> [Activity]
Identify, in the records below, every line where the string "Black" appears, and copy each such line.

_____

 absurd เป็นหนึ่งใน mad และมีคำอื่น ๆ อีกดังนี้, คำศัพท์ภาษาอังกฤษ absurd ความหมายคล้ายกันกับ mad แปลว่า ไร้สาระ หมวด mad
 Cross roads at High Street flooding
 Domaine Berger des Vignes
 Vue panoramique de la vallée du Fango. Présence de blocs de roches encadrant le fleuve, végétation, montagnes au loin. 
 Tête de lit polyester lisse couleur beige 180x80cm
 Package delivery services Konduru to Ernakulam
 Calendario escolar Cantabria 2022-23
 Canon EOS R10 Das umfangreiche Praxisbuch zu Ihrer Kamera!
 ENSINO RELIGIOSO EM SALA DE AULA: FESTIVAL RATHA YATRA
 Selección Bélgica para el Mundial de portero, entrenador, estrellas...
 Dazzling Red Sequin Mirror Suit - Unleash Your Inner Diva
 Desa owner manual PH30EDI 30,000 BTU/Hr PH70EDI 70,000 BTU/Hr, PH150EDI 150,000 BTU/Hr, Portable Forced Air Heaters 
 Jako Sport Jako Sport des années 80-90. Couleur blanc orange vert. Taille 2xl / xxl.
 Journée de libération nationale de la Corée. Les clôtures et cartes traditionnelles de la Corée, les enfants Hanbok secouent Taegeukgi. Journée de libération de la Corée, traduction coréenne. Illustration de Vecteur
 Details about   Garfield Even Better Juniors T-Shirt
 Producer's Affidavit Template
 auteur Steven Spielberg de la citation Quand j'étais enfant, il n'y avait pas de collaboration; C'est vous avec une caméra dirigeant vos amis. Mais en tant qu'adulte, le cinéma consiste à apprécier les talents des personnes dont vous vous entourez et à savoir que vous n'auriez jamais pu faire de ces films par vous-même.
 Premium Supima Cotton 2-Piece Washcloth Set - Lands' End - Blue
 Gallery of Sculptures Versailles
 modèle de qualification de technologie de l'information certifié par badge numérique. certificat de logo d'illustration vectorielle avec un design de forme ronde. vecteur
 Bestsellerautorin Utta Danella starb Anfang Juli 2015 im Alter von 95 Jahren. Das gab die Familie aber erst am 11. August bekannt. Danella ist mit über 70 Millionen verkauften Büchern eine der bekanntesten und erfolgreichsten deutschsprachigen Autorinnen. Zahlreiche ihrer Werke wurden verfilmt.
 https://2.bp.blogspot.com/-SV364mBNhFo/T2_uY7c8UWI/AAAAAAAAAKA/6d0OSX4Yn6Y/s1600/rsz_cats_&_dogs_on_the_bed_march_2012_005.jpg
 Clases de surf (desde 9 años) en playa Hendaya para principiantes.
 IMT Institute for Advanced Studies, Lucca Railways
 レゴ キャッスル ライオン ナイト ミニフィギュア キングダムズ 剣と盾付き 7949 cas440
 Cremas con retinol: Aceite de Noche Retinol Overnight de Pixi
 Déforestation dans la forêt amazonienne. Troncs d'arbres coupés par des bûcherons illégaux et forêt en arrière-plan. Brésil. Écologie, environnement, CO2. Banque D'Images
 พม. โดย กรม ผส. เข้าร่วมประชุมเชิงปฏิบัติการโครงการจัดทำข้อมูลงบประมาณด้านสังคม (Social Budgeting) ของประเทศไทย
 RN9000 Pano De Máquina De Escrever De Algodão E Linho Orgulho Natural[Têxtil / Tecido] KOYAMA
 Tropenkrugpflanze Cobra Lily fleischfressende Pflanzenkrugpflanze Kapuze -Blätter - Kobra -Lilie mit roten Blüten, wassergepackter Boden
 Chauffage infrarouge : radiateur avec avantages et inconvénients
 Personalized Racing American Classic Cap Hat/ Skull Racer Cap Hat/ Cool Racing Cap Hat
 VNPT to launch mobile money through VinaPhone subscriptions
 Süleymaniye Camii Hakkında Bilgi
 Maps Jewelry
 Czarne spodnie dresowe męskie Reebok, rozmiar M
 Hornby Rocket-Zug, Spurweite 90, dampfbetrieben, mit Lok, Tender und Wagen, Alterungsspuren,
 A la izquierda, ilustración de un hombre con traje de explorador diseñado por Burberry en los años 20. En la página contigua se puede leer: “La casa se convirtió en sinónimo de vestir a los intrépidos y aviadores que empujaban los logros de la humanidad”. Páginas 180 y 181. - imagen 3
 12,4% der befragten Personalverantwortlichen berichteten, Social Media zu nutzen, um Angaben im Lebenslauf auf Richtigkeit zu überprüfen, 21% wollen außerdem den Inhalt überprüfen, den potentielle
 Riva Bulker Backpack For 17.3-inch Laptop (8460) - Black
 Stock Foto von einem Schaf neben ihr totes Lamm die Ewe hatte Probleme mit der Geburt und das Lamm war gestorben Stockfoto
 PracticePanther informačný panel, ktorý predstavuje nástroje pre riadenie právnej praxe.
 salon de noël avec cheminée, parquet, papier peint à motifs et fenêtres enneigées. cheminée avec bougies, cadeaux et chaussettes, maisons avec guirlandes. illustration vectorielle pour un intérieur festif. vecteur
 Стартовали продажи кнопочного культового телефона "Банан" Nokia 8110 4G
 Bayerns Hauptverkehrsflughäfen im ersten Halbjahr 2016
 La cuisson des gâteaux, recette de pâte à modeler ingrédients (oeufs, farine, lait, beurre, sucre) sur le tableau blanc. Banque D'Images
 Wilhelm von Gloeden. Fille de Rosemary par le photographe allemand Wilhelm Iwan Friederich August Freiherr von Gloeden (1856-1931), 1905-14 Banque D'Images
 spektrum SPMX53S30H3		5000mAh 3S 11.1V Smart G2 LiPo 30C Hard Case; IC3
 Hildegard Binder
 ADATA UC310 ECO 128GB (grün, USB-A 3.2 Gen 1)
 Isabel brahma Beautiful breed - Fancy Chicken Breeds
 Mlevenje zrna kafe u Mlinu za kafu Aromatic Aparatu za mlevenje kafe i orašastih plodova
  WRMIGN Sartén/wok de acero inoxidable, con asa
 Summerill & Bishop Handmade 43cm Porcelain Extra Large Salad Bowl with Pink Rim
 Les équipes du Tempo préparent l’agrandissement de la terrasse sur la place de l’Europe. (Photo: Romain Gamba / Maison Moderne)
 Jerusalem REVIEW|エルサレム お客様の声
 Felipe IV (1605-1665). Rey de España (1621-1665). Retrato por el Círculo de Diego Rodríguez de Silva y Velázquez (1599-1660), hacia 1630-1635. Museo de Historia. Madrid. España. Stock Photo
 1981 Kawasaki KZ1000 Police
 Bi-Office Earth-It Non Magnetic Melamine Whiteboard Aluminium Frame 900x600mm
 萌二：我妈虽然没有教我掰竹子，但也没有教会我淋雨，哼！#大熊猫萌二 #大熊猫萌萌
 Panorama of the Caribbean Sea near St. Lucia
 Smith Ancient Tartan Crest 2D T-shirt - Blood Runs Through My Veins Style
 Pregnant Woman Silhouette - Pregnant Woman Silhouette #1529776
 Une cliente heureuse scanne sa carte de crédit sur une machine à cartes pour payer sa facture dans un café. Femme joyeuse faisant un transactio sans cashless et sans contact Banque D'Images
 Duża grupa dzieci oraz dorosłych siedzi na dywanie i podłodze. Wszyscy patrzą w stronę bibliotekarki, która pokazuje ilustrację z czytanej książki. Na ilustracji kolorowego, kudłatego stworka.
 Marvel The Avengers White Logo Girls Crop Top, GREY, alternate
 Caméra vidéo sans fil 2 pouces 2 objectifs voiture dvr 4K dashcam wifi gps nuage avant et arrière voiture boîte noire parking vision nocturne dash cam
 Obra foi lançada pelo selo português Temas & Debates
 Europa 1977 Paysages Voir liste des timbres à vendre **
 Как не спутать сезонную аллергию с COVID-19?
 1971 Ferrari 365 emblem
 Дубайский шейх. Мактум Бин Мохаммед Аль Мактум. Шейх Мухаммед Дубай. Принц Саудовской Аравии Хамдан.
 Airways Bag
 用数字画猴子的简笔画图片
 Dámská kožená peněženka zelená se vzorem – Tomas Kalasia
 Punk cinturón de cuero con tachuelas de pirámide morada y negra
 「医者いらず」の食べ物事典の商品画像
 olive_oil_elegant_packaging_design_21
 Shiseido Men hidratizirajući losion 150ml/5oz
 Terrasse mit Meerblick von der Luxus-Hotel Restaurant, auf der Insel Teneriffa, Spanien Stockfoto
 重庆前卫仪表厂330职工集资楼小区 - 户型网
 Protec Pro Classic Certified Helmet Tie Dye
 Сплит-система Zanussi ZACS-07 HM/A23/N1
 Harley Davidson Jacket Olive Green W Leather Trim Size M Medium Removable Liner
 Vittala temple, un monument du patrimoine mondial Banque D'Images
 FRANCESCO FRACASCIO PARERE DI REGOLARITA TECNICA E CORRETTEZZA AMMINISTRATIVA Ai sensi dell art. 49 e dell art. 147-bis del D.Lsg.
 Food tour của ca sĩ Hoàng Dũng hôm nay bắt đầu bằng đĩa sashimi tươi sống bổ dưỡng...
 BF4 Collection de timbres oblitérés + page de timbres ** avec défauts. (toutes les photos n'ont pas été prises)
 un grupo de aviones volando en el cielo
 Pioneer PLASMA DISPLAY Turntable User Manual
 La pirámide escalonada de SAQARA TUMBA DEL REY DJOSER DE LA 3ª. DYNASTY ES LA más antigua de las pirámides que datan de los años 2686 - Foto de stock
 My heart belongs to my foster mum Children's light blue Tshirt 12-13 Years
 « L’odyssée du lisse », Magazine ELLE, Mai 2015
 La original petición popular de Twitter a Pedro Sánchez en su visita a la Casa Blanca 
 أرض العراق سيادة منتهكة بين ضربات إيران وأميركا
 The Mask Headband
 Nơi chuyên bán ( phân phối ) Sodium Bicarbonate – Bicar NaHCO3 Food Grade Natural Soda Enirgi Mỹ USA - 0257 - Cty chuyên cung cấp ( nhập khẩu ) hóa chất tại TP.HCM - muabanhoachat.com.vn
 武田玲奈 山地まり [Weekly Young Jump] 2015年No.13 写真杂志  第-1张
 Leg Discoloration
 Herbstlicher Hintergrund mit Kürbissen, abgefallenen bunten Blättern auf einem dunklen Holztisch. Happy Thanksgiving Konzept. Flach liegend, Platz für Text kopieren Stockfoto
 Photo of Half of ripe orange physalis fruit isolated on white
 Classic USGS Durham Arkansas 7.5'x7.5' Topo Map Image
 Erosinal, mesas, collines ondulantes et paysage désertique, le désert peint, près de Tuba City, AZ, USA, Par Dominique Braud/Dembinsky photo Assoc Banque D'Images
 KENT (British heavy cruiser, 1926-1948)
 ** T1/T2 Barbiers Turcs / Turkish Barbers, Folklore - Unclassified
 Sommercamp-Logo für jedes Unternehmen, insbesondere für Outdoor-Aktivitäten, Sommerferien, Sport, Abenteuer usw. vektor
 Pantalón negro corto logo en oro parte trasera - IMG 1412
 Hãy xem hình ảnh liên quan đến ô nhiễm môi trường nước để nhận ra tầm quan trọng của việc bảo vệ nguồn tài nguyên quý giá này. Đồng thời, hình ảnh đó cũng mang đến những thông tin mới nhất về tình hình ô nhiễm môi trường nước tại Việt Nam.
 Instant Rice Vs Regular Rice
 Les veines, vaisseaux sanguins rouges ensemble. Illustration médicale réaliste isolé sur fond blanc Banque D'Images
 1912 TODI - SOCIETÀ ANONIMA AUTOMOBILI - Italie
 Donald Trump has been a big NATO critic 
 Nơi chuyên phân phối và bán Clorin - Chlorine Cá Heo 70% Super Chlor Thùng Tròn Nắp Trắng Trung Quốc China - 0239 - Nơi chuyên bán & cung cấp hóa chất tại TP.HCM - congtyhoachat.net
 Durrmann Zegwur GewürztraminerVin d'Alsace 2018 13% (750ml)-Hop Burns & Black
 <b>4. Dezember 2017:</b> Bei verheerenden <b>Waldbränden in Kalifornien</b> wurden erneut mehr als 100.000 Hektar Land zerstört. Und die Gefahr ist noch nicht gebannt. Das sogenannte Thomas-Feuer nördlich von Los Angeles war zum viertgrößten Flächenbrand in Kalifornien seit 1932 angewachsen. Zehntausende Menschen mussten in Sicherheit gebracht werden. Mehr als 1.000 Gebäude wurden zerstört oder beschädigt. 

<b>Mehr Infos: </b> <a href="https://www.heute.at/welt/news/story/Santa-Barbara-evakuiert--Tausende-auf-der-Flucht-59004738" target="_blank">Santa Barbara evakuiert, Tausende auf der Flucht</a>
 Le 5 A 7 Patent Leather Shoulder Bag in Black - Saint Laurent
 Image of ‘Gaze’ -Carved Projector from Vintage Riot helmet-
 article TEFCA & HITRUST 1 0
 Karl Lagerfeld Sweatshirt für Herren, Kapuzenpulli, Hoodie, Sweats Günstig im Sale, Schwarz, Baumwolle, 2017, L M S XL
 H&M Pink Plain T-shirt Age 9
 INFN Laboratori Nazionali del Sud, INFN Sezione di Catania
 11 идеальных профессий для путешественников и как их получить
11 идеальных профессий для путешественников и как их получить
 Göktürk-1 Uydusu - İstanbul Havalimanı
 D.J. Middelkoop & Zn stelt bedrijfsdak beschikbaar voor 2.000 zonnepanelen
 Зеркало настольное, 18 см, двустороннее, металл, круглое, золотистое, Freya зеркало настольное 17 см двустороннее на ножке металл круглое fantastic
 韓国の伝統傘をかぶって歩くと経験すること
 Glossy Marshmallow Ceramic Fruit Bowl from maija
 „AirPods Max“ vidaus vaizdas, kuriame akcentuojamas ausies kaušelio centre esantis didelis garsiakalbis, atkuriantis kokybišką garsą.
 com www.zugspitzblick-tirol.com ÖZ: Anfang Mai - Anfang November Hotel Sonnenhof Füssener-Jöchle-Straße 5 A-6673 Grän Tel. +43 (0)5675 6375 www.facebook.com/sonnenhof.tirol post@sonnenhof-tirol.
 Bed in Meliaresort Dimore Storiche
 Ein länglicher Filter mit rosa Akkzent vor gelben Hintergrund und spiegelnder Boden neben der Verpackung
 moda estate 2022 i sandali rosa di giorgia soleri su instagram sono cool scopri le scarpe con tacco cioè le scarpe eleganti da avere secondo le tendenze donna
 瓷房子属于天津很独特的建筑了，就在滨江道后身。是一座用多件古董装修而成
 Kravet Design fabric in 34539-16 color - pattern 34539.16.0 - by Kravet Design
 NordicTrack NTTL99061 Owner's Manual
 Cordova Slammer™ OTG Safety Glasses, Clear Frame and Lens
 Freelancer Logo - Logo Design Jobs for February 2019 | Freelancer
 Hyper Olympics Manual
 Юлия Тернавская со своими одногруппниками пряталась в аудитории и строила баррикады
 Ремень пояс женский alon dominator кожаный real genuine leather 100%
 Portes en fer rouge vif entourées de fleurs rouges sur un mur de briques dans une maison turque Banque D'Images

_____

> [Output below]
 Riva Bulker Backpack For 17.3-inch Laptop (8460) - Black
 Durrmann Zegwur GewürztraminerVin d'Alsace 2018 13% (750ml)-Hop Burns & Black
 Le 5 A 7 Patent Leather Shoulder Bag in Black - Saint Laurent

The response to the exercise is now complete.